First Kaggle Competition
Since my last post, after finishing Andrew Ng’s Machine Learning course (which was incredibly fun, and a great introduction to the topic), I took a break from studying machine learning to look at another topic that has interested me: MIT's online Signals and Systems course. After seeing convolution come up when discussing Laplace transforms in differential equations but not really understanding the operation behind it, I can visualize it with a lot more ease and accuracy. As for the electrical engineeering applications… I'll have to get back to you on that.
Now that I'm back to putzing around with python, I'm finding Kaggle's microcourses are helping me find my footing, especially around scikit-learn. After completing their introduction to ML course (focused on decision trees and random forests), I joined the final course competition focused on predicting the sale price of houses in Ames, Iowa based on 81 features.
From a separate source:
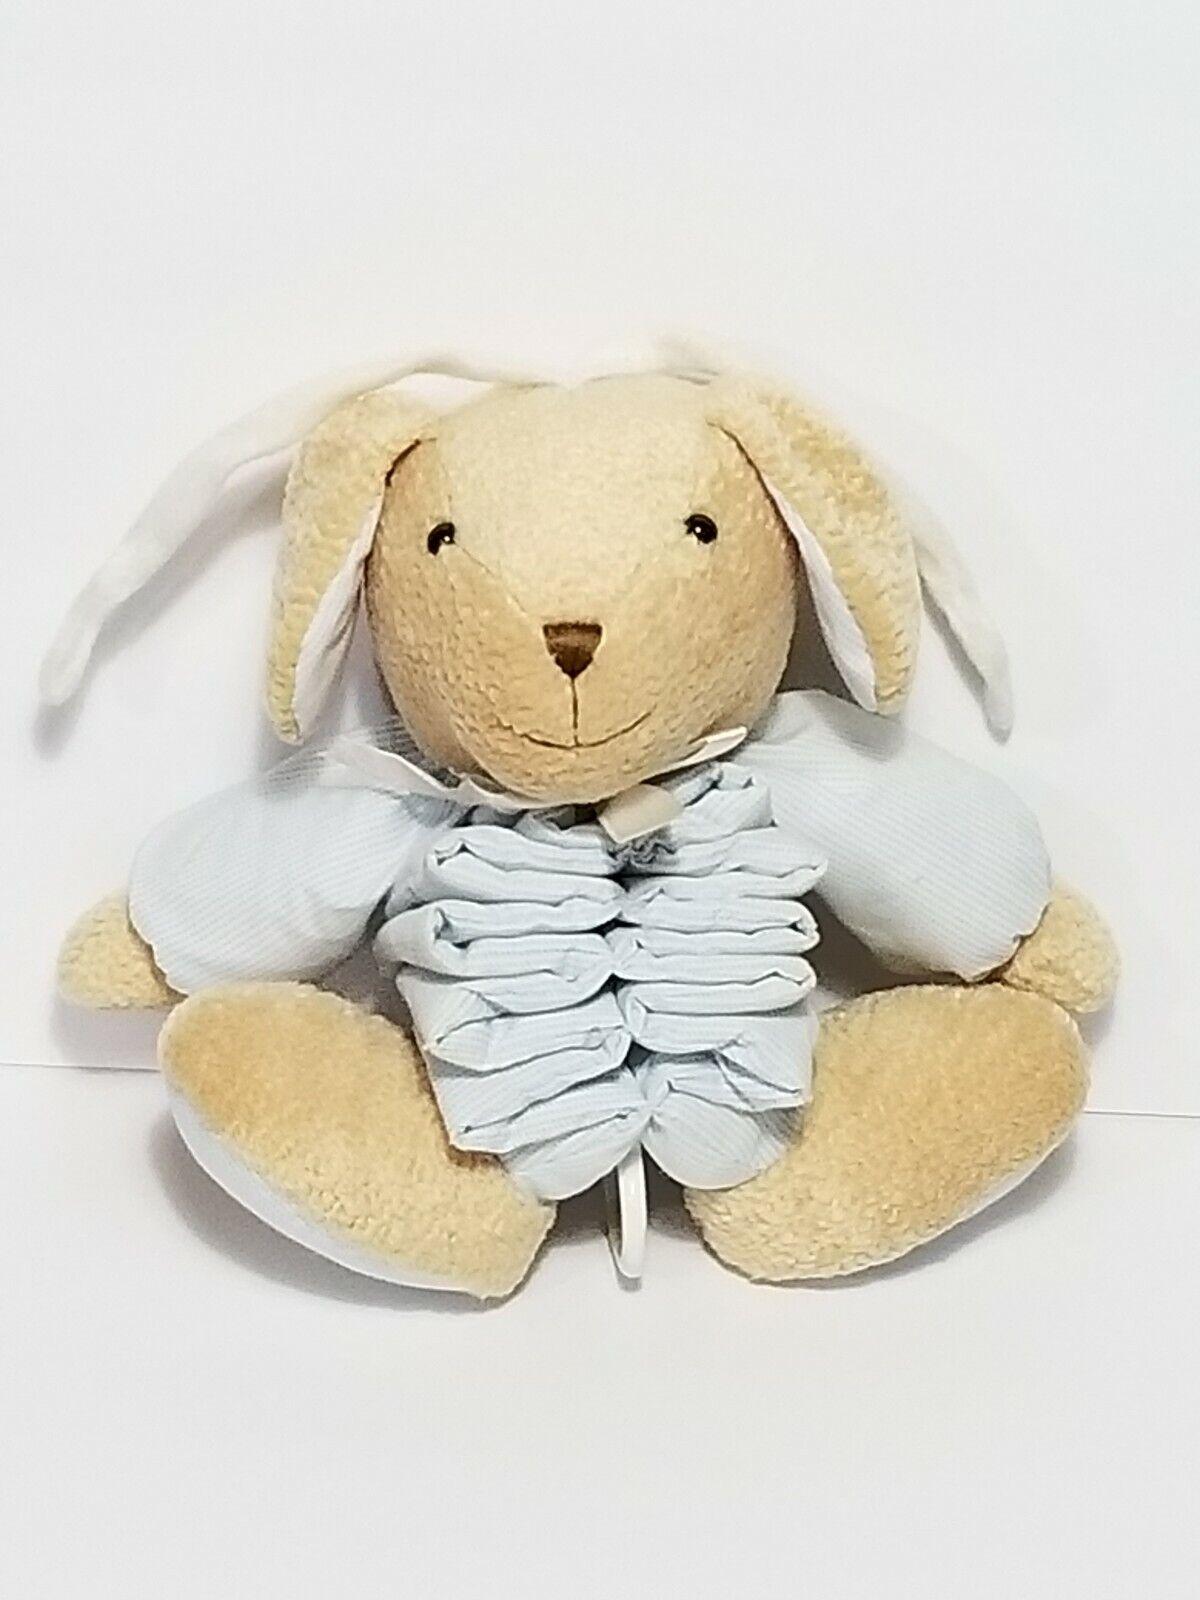 Carters Just One Year Bunny Rabbit Musical Pull Toy Blau Accordion Plush Stuffed
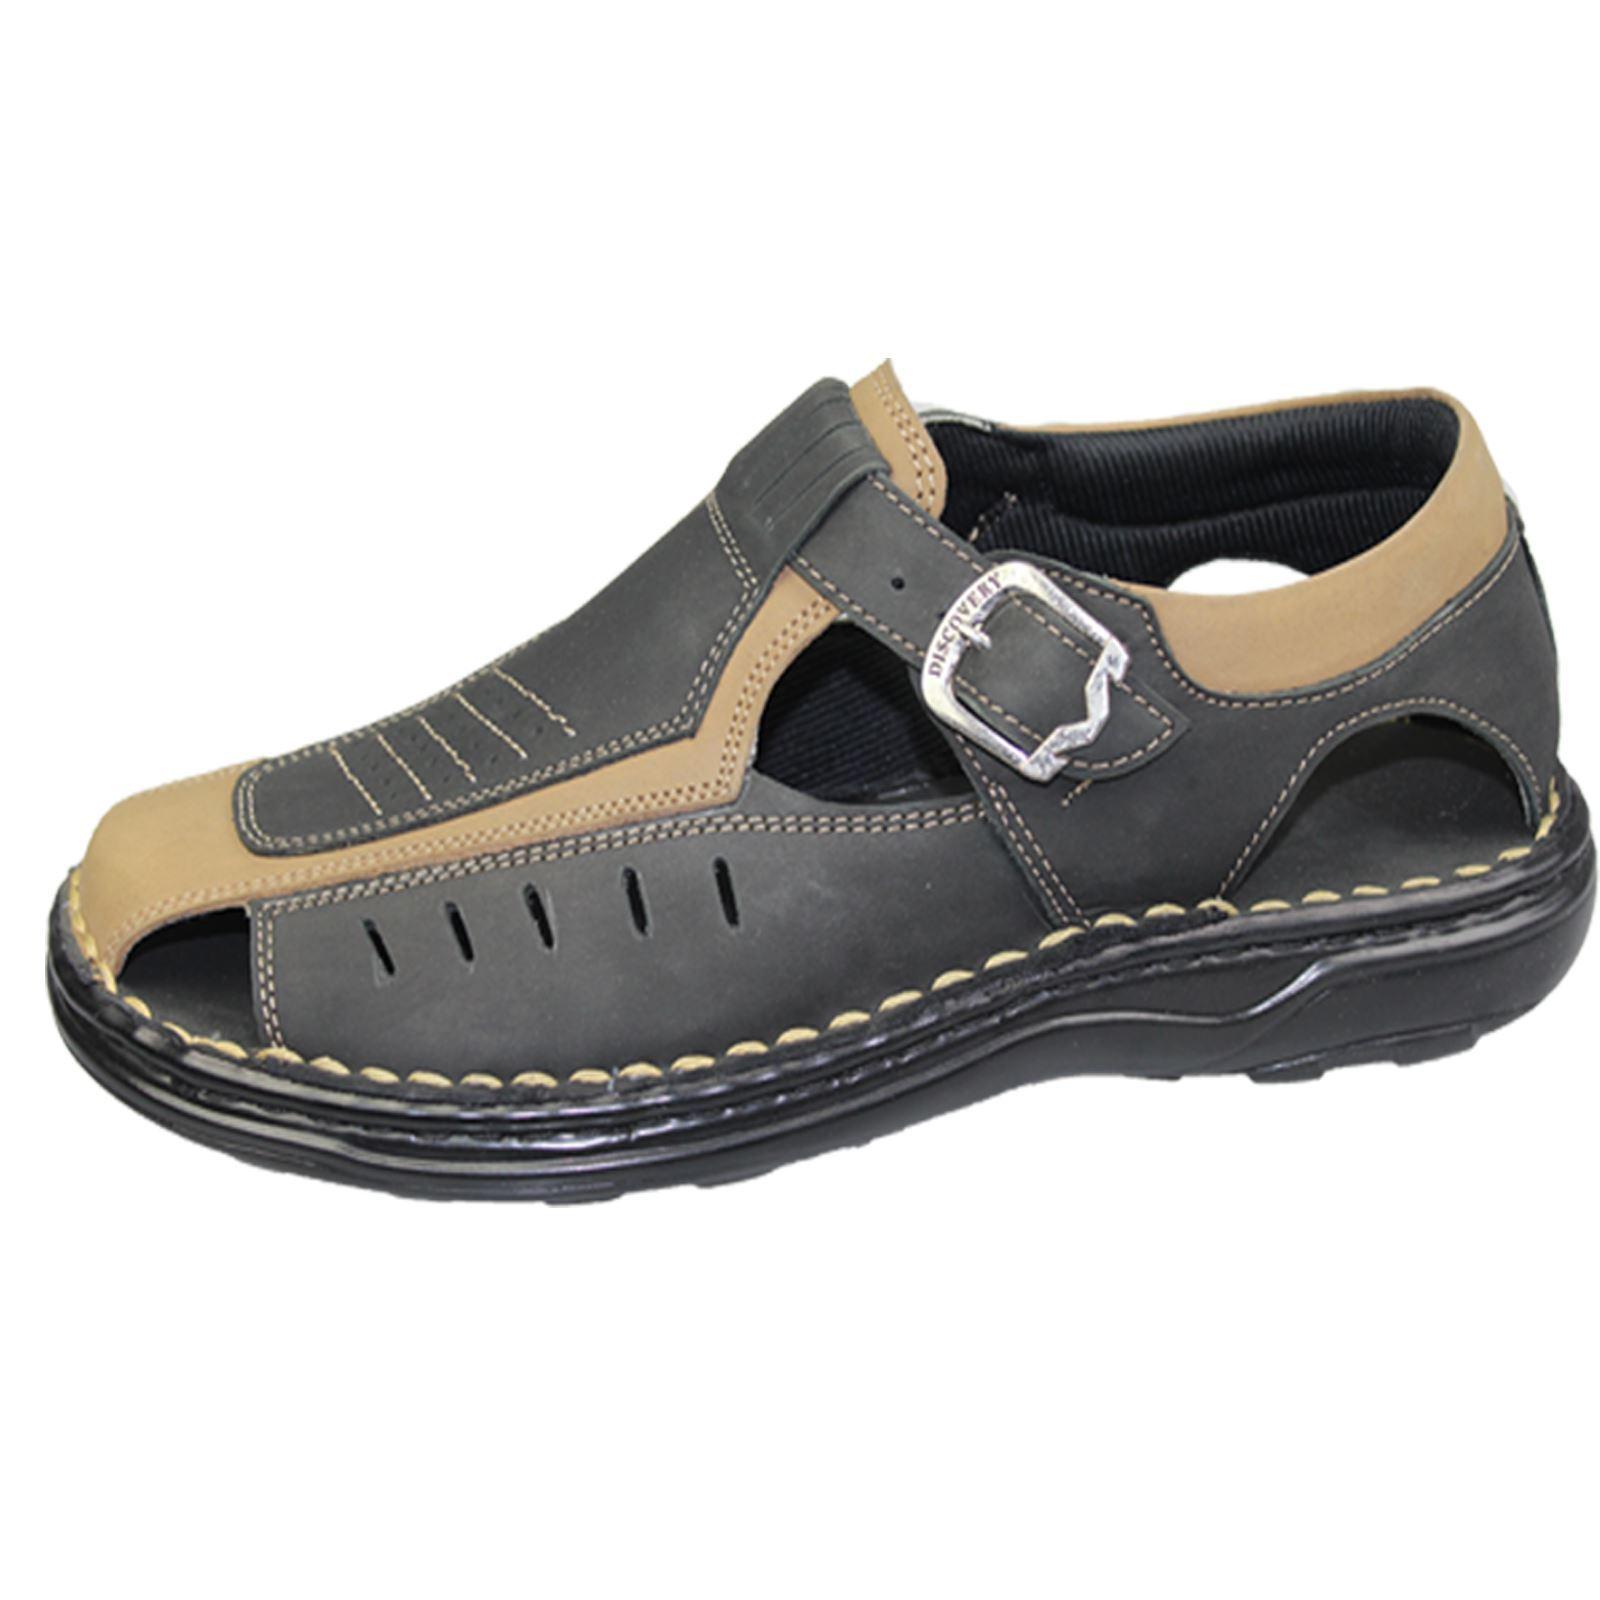 Mens-Buckle-Fastening-Sandals-Flat-Beach-Walking-Fashion-Casual-Summer-Slipper miniatura 6

This dataset is important to me because I've only dealt with data which are either purely numerical, or purely categorical - this dataset comes in both, and the final predicted sale price needs to incorporate not just numerical features like lot size and year sold, but features like condition of the basement, garage, and type of sale, encoded in categories.
So far, my latest lessons with python include:
- learning naming conventions the hard way: dashes-for-directories and underscores_for_files.txt
- referencing absolute vs. local files paths
- using a preloaded script to save time on typing the following:
import pandas as pd
import matplotlib.pyplot as plt
import numpy as np
Now that my environment is set up, expect another post dedicated to my exploration of this dataset - including plots!